The Green’s broadly support the idea of independence.

So there’s no risk to a future referendum in giving them our support.

They are pro-environment (of course) and pro-trade union, they are anti-Brexit, pro-European and liberal. They are, in fact, more liberal on certain issues than the SNP are … and that’s all the more reason to want them to have a say.

The Scottish Government are the ones who provoked this, with their blanket condemnation of our club during the Bolingoli affair and then with the way they hammered at us for days over the Dubai trip.

I didn’t agree with that trip, and thought we got what we deserved.

But when you compare it to how a certain other organisation was congratulated after its own breach (and it wasn’t even their first one, their first one, and the most serious by far, was ignored completely) it stank. So too did the reluctance to offer any kind of condemnation at all after the last violation which involved them and for which nobody was even punished.

Yesterday’s scenes, and the ones that are doubtless unfolding as I write this, have pushed me to the point where the double standard is too much to simply ignore.

To confront it and face it and accept that it’s real requires me to actually do something more than just condemn it … and so I am considering my vote and at this moment they aren’t getting it.

If there isn’t a more vocal reaction, if there isn’t a police investigation into yesterday’s events and arrests made over them, then my mind’s made up.

If there’s a repeat of those scenes I’m going to repost this article on the eve of the election itself, prior to voting for Patrick Harvie and his merry band.

I’m not okay with this, I’m not okay with our club and our fans and our institution being used as the whipping boys for this government whilst other people do as they like.
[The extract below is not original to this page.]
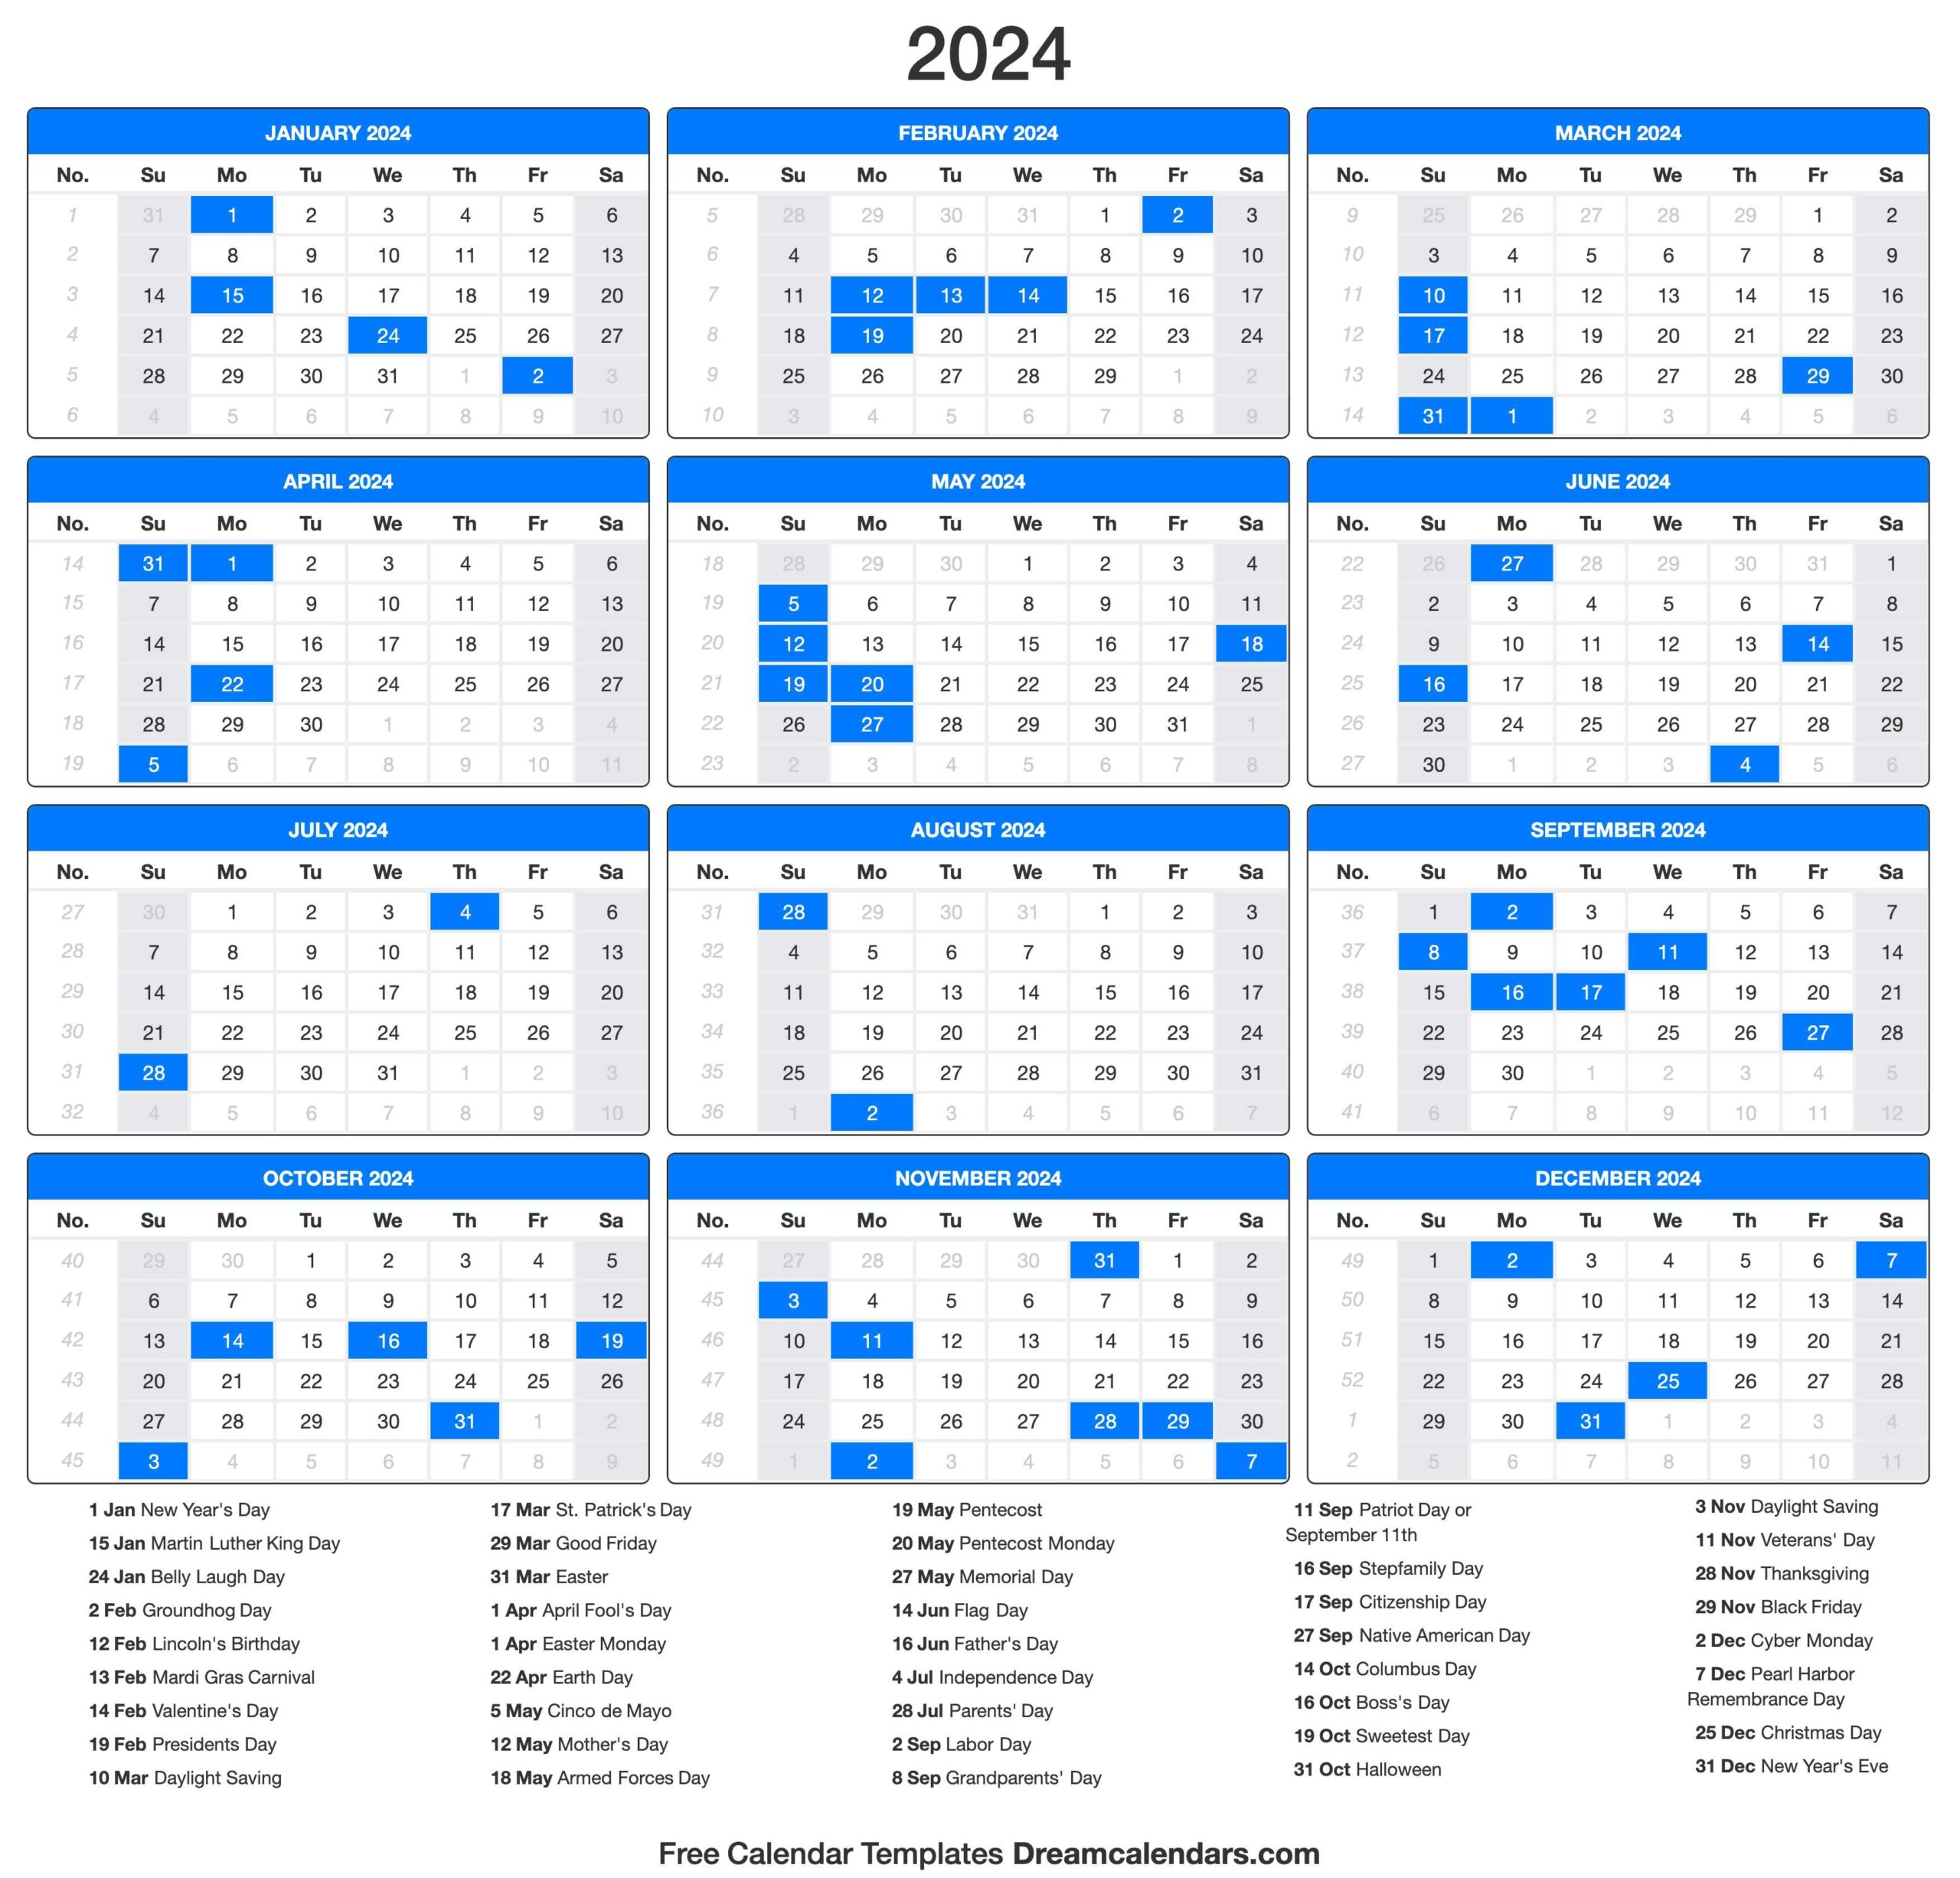 2024 Calendar - Free Printable 2024 Calendar Template With Holidays

It’s not a conspiracy, it’s the stinking low-order politics I despise most in the world and I’m not going to blindly give my vote to a party that behaves that way. I’m not asking anybody to follow suit.

I’m just telling you what my thinking is and why, and you can do with that what you like.

I’m going to tell you right now that I do not want to do this … but I will do it.

I’m not alone in feeling this way, and if Sturgeon wants to make sure that her position isn’t susceptible to challenges and future political earthquakes – and I very much believe that she is exceptionally vulnerable to those – then she needs the majority which angry voters who otherwise have no reason not to support her might well deny her.